A device according to the present invention also could be fitted with a miniature, silicon-based charge coupled device (CCD) . This would enable one
to optically image geometrically complex regions such as turbine engines or the like for defects. Since the present SMA actuator film can be downsized to a thickness of only a few microns, and is capable of being self-guided on a fixed path of travel, the present invention has broad application in medical devices, in the field of robotics, and particularly in the area of nondestructive testing. It will be appreciated that the foregoing aspects of the invention eliminate entirely the need for oppositely disposed actuator elements, external control arms, linkages, or the like which are necessary in conventional SMA steerable devices in order to return the SMA actuator elements to their original position after activation.
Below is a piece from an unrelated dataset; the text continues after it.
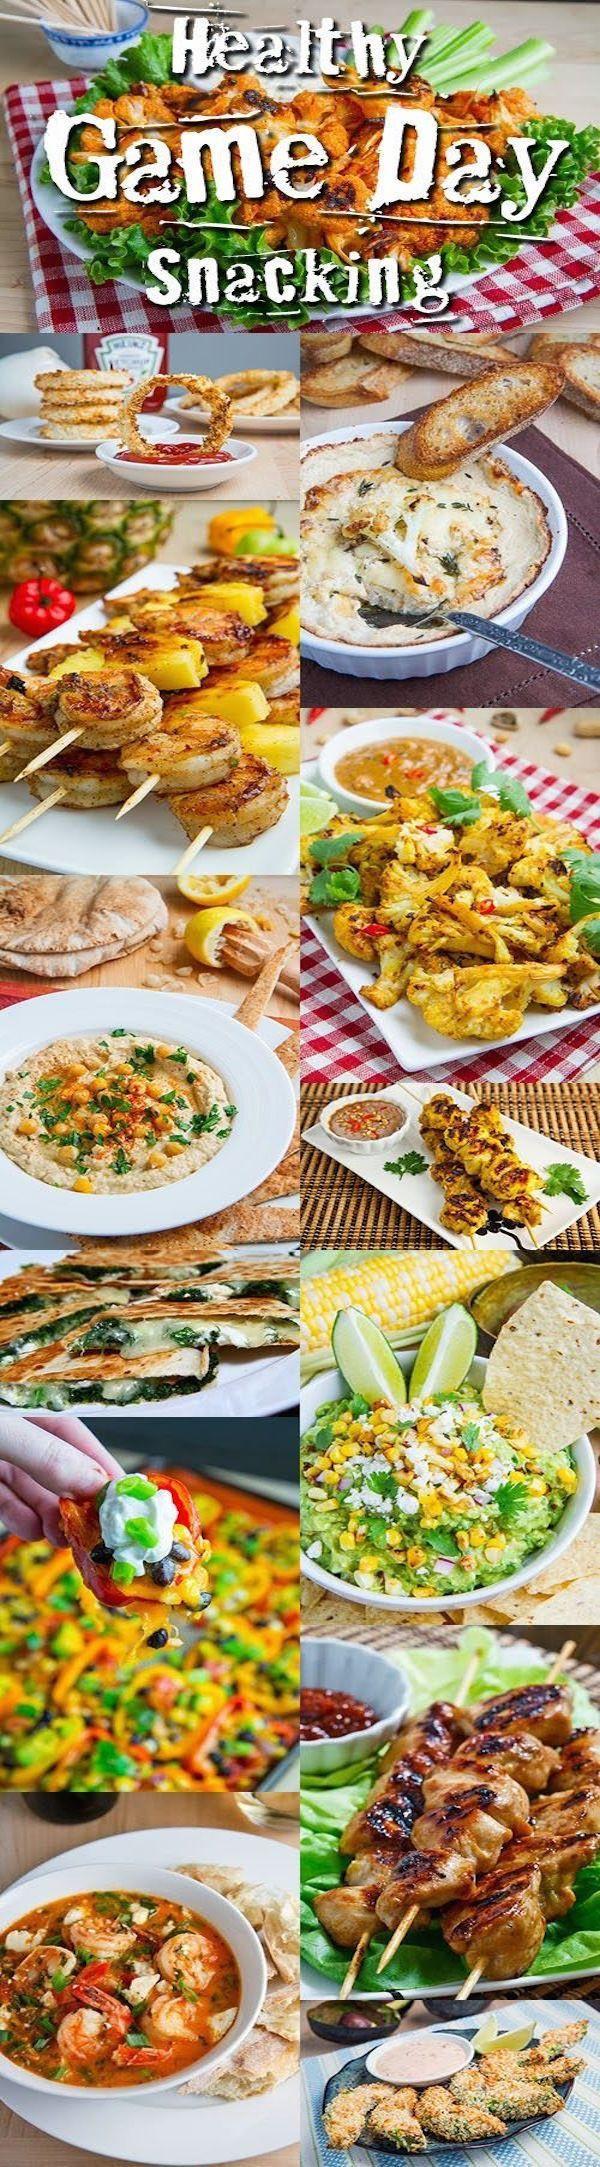 Healthy Game Day Snacks  Healthy Game Day Snacks – Edible Crafts
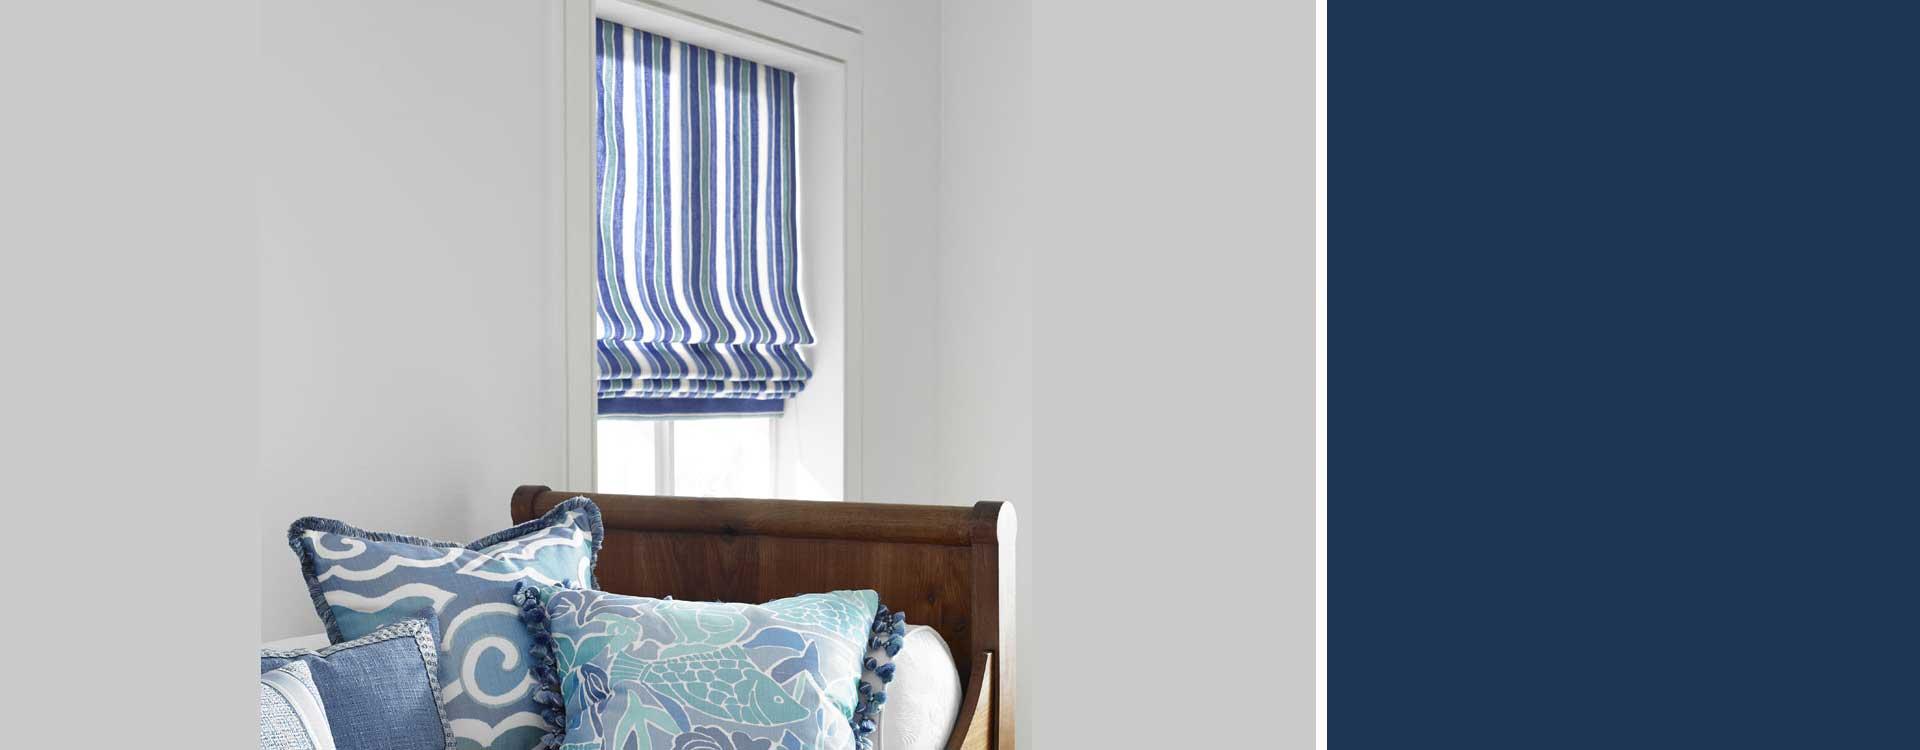 custom sheer drapes online valances roman shades direct regal drapes. Black Bedroom Furniture Sets. Home Design Ideas

It will be appreciated that equivalent arrangements for centering the SMA actuator probe on a path of travel include a plurality of temperature sensors or proximity sensors which could be incorporated on the exterior on the probe and provide output signals which could be used to make a temperature gradient map or the like. Also, precise control of the probe can be achieved by measuring position, displacement (changes in position) and relative elongation of SMA actuators through linear variable differential transformers (LVDTs) or strain gauges. Such equivalent arrangements can be used with known adaptive feedback methods to center the probe on a path of travel and can be implemented by one skilled in the art without undue experimentation. Therefore, all such equivalent
arrangements are intended to be within the scope of the appended claims.
Those of ordinary skill in the field will understand that SMA actuator elements may be comprised of any suitable one-way shape memory material such as Cu-Zn-Al, or TiNi, or the like. Additionally, those having ordinary skill in the field will appreciate that the SMA actuator elements may be configured in a variety of suitable shapes for maximizing the amount of useful movement derived from the change of phase from martensite to austenite as will be explained. Therefore, persons of ordinary skill in the art are to understand that all such equivalent structures and arrangements are to be included within the spirit and scope of the appended claims.
A shape memory alloy actuator as used herein includes any equivalent material that expands or contracts as a function of heating or cooling, or the application of an electric/magnetic field, such as shape memory metal actuators, a piezo-electric material, negative or positive coefficient of expansion material, or the like. Therefore, all such materials providing an equivalent function are intended to be within the scope of the appended claims.